GitHub stale bot considered harmful October 26, 2021 on Drew DeVault's blog

Disclaimer: I work for a GitHub competitor.

One of GitHub’s “recommended” marketplace features is the “stale” bot. The purpose of this bot is to automatically close GitHub issues after a period of inactivity, 60 days by default. You have probably encountered it yourself in the course of your work.

This is a terrible, horrible, no good, very bad idea.

A screenshot of an interaction with this bot

I’m not sure what motivates maintainers to install this on their repository, other than the fact that GitHub recommends it to them. Perhaps it’s motivated by a feeling of shame for having a lot of unanswered issues? If so, this might stem from a misunderstanding of the responsibilities a maintainer has to their project. You are not obligated to respond to every issue, implement every feature request, or fix every bug, or even acknowledge them in any way.

Let me offer you a different way of thinking about issues: a place for motivated users to collaborate on narrowing down the problem and planning a potential fix. A space for the community to work, rather than an action item for you to deal with personally. It gives people a place to record additional information, and, ultimately, put together a pull request for you to review. It does not matter if this process takes days or weeks or years to complete. Over time, the issue will accumulate details and workarounds to help users identify and diagnose the problem, and to provide information for the person that might eventually write a patch/pull request.

It’s entirely valid to just ignore your bug tracker entirely and leave it up to users to deal with themselves. There is no shame in having a lot of open issues — if anything, it signals popularity. Don’t deny your users access to an important mutual support resource, and a crucial funnel to bring new contributors into your project.

This is the approach I would recommend on GitHub, but for illustrative purposes I’ll also explain a slightly modified approach I encourage for SourceHut users. sr.ht provides mailing lists (and, soon, IRC chat rooms), which are recommended for first-line support and discussion about your project, including bug reports, troubleshooting, and feature requests, instead of filing a ticket (our name for issues). The mailing list gives you a space to refine the bug report, solicit extra details or point out an existing ticket, or clarifying and narrowing down feature requests. This significantly improves the quality of bug reports, eliminates duplicates, and better leverages the community for support, resulting in every single ticket representing a unique, actionable item.

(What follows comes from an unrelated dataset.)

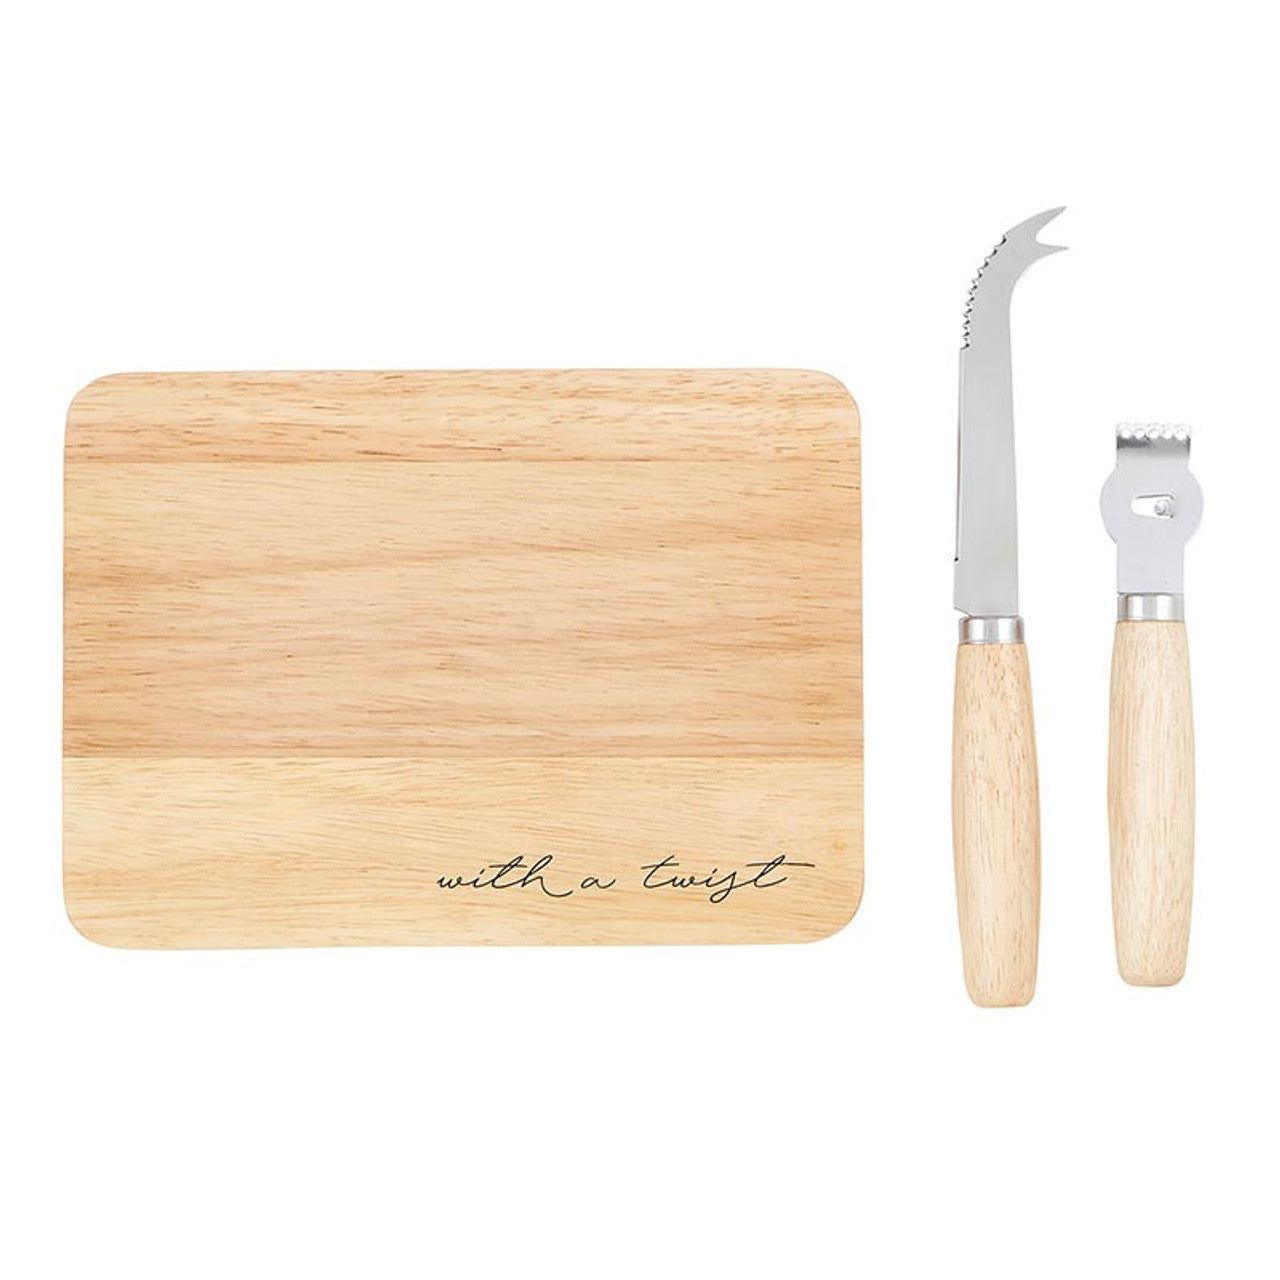 Gift Box: Cocktail Garnish Book Box With a Twist | Cutting board, Knife, and Zester Gift Set

I will eventually ask the user to file a ticket when the bug or feature request is confirmed. This does not imply that I will follow up with a fix or implementation on any particular time frame. It just provides this space I discussed before: somewhere to collect more details, workarounds, and additional information for users who experience a bug or want a feature, and to plan for its eventual implementation at an undefined point in the future, either from a SourceHut maintainer or from the community.